For each tier, set the stream table schedule to ~⅓ of the freshness target. This gives 3 refresh attempts before the SLA is breached:

| Tier | Freshness Target | Schedule |
|------|-----------------|----------|
| Critical | 5s | 1–2s |
| Standard | 30s | 10s |
| Background | 5m | 1–2m |

---

## Diagnosing Budget Consumption

When the error budget is dropping, diagnose the cause:

### 1. Check refresh history

```sql
SELECT
  refresh_id,
  refresh_mode,
  duration_ms,
  rows_changed,
  status,
  error_message
FROM pgtrickle.get_refresh_history('dashboard_metrics')
WHERE status != 'success' OR duration_ms > 10000
ORDER BY refresh_id DESC
LIMIT 20;
```

Look for:
- `status = 'error'` — failed refreshes. Check `error_message`.
- `duration_ms` spikes — slow refreshes that may exceed the SLA window.
- `refresh_mode = 'FULL'` — fallbacks from DIFFERENTIAL to FULL, which are usually slower.

### 2. Check for mode fallbacks

```sql
SELECT
  COUNT(*) FILTER (WHERE refresh_mode = 'DIFFERENTIAL') AS differential_count,
  COUNT(*) FILTER (WHERE refresh_mode = 'FULL') AS full_count,
  AVG(duration_ms) FILTER (WHERE refresh_mode = 'DIFFERENTIAL') AS avg_diff_ms,
  AVG(duration_ms) FILTER (WHERE refresh_mode = 'FULL') AS avg_full_ms
FROM pgtrickle.get_refresh_history('dashboard_metrics')
WHERE created_at > NOW() - INTERVAL '1 hour';
```

If FULL refreshes are frequent and slow, investigate why DIFFERENTIAL is falling back (change ratio too high, spilling, etc.).

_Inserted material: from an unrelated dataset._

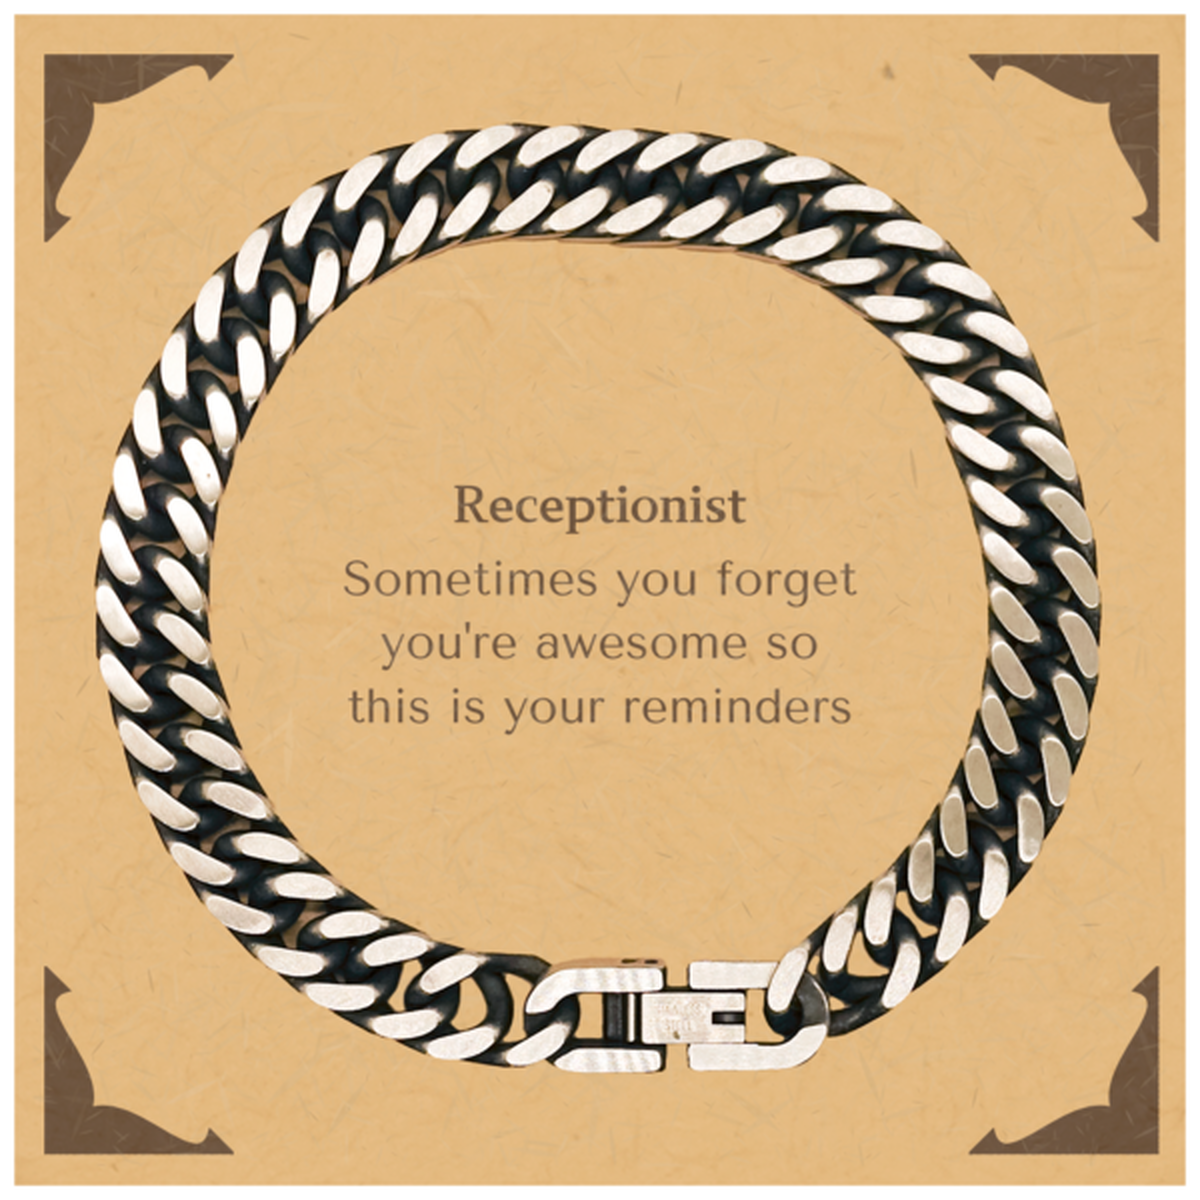 Sentimental Receptionist Cuban Link Chain Bracelet, Receptionist Sometimes you forget you're awesome so this is your reminders, Graduation Christmas Birthday Gifts for Receptionist, Men, Women, Coworkers

### 3. Check change buffer sizes

```sql
SELECT * FROM pgtrickle.pgt_cdc_status
WHERE pgt_name = 'dashboard_metrics';
```

Large change buffers → larger deltas → slower DIFFERENTIAL refreshes → potential SLA violations.

---

## Error Budget Across All Stream Tables

For a system-wide view:

```sql
SELECT
  s.name,
  s.schedule,
  sla.p50_refresh_ms,
  sla.p99_refresh_ms,
  sla.freshness_lag_s,
  sla.error_budget_pct,
  CASE
    WHEN sla.error_budget_pct >= 95 THEN 'healthy'
    WHEN sla.error_budget_pct >= 50 THEN 'warning'
    ELSE 'critical'
  END AS status
FROM pgtrickle.pgt_stream_tables s
CROSS JOIN LATERAL pgtrickle.sla_summary(s.name) sla
ORDER BY sla.error_budget_pct ASC;
```

This ranks all stream tables by error budget health. Tables at the top of the list need attention.

---

## Prometheus Integration

pg_trickle exports SLA metrics as Prometheus gauges:

```
pg_trickle_refresh_p50_ms{stream_table="dashboard_metrics"} 4.8
pg_trickle_refresh_p99_ms{stream_table="dashboard_metrics"} 23.1
pg_trickle_freshness_lag_seconds{stream_table="dashboard_metrics"} 2.3
pg_trickle_error_budget_pct{stream_table="dashboard_metrics"} 94.2
```

Use these in Grafana dashboards and alerting rules:

```yaml
# Prometheus alert rule
- alert: StreamTableSLABreach
  expr: pg_trickle_error_budget_pct < 20
  for: 5m
  labels:
    severity: critical
  annotations:
    summary: "Stream table {{ $labels.stream_table }} error budget below 20%"
```

---

## Summary

`sla_summary()` gives you SRE-style visibility into stream table health: percentile latencies, freshness lag, error counts, and error budget.

Set SLAs per tier (critical/standard/background). Monitor the error budget. Alert when it drops below a threshold. Diagnose with refresh history, mode fallback analysis, and change buffer checks.

The goal: know you're meeting your freshness SLA *before* a customer asks why the dashboard is stale. The error budget tells you exactly how much headroom you have left.